Jevano dan wanita diboncengannya kini meninggalkan kompleks apartemen. Dua sejoli ini menyusuri jalanan dengan sepeda motor hitam milik Jevano. Posisi wanita kini memeluk Jevano erat dari belakang.

“Brengsek, dada sintal lo bisa kagak munduran gausa nempel punggung?”

Jevano menggerakkan badannya kesal karena risih Ananda, atau biasa disebut Ana, yang memeluk erat tubuhnya sehingga punggungnya bersentuhan langsung dengan dada sintal Ana. Bukan risih, lebih tepatnya Jevano merasa panas dan hormonnya semakin memuncak. Karena Ana hanya mengenakan kaos hitam tipis dengan sport bra serta cardigan sebagai luaran. Paha mulusnya juga diumbar dibalik rok merah pendeknya.

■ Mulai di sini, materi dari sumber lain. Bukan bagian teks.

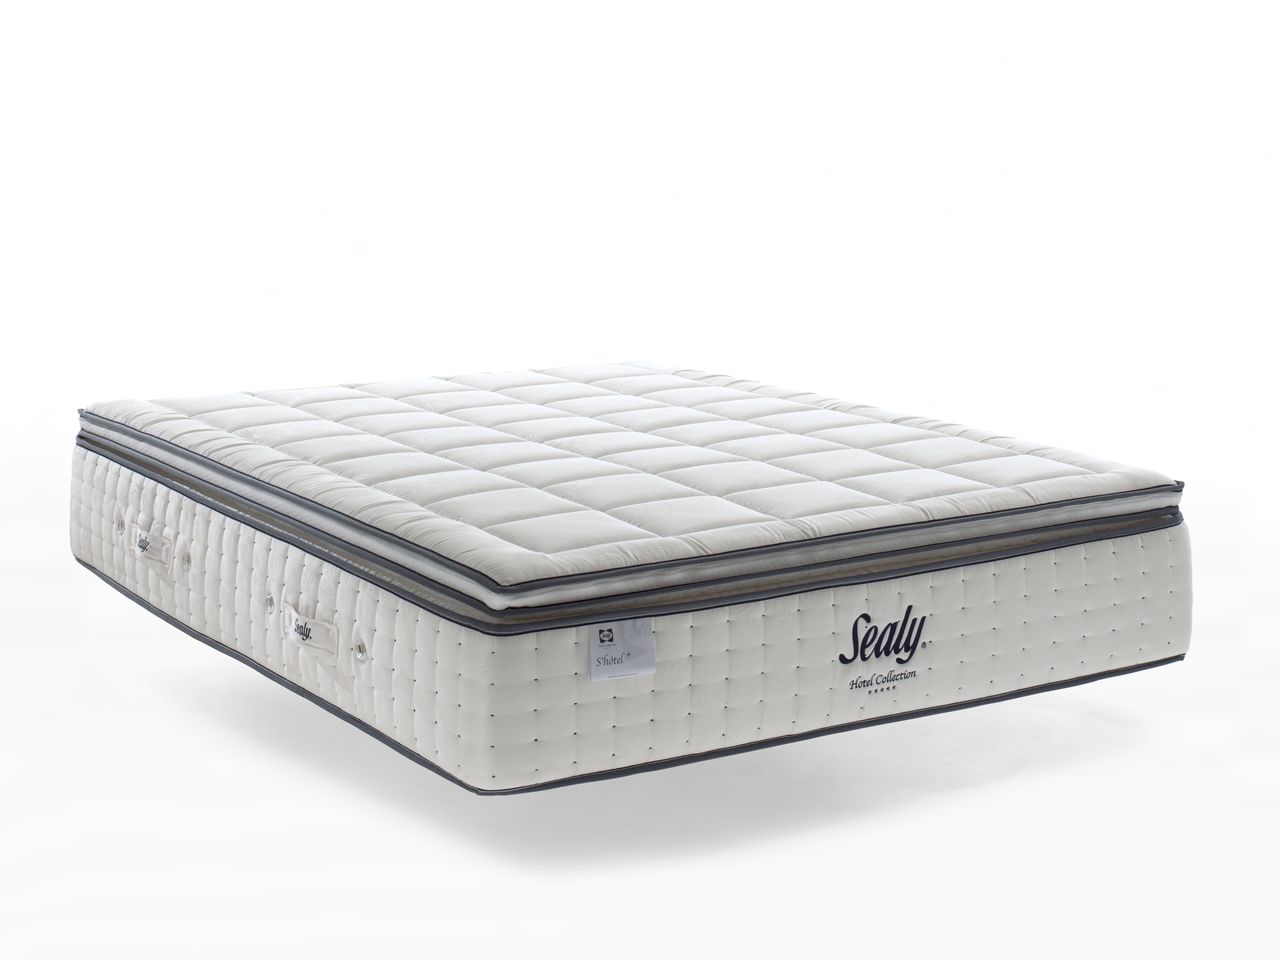 sealy hotel deluxe mattresses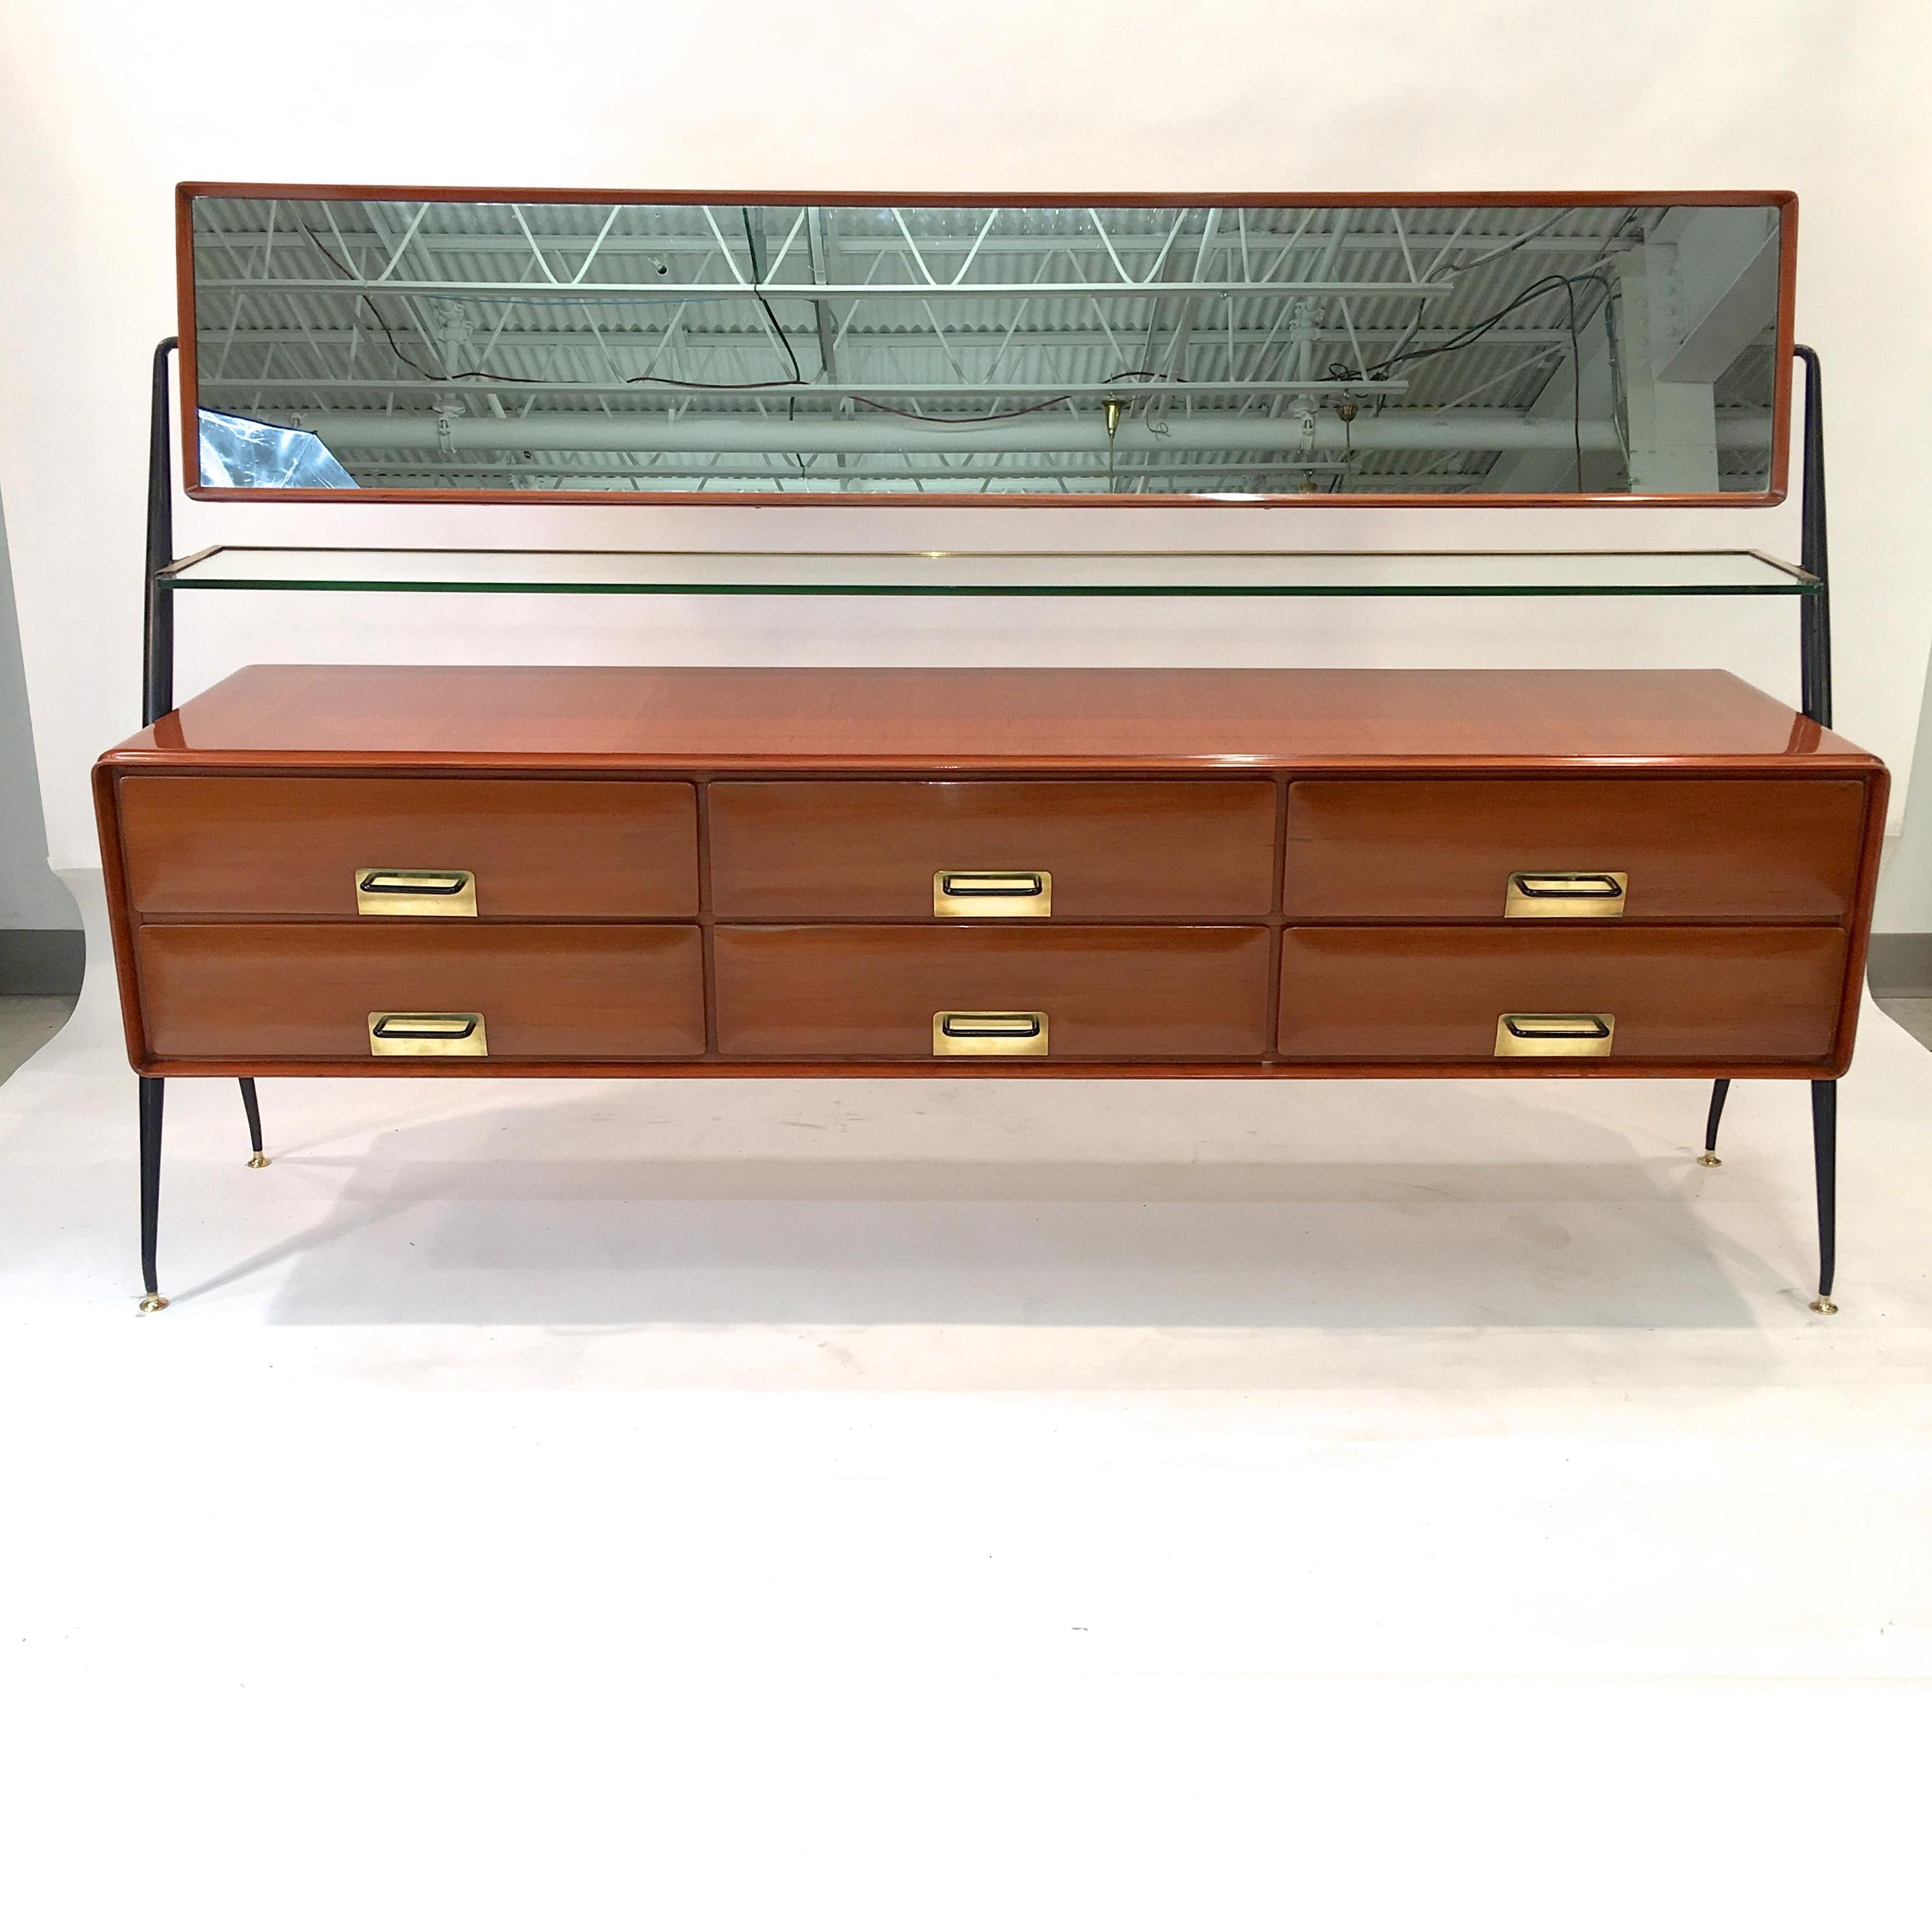 1950s Italian mahogany cabinet with six-drawers and a long horizontal tilting mahogany framed mirror over a brass framed crystal shelf, all mounted on distinctive tapered angular black steel supports each having two solid brass height adjustable

“HAHHAHAHAHA, jangan bilang lo horny lagi, Jev?”

Ana tertawa dibalik helmnya. Tangannya nakal mulai meraba bagian perut datar Jevano dari luar secara sensual. Ana selalu begitu. Wanita kelebihan hormon.

Sepuluh menit sebelum meninggalkan apartement tadi kegiatan ciuman panas mereka terganggu oleh pemberitahuan mendadak pihak pengelola bangunan untuk perbaikan saluran air. Jevano dan Ana yang sudah beradu lidah dengan panas tiba-tiba melepaskan pangutan mereka dan memutuskan pindah ke sharing house yang Jevano tempati. Karena akhir pekan sering kosong tanpa penghuni.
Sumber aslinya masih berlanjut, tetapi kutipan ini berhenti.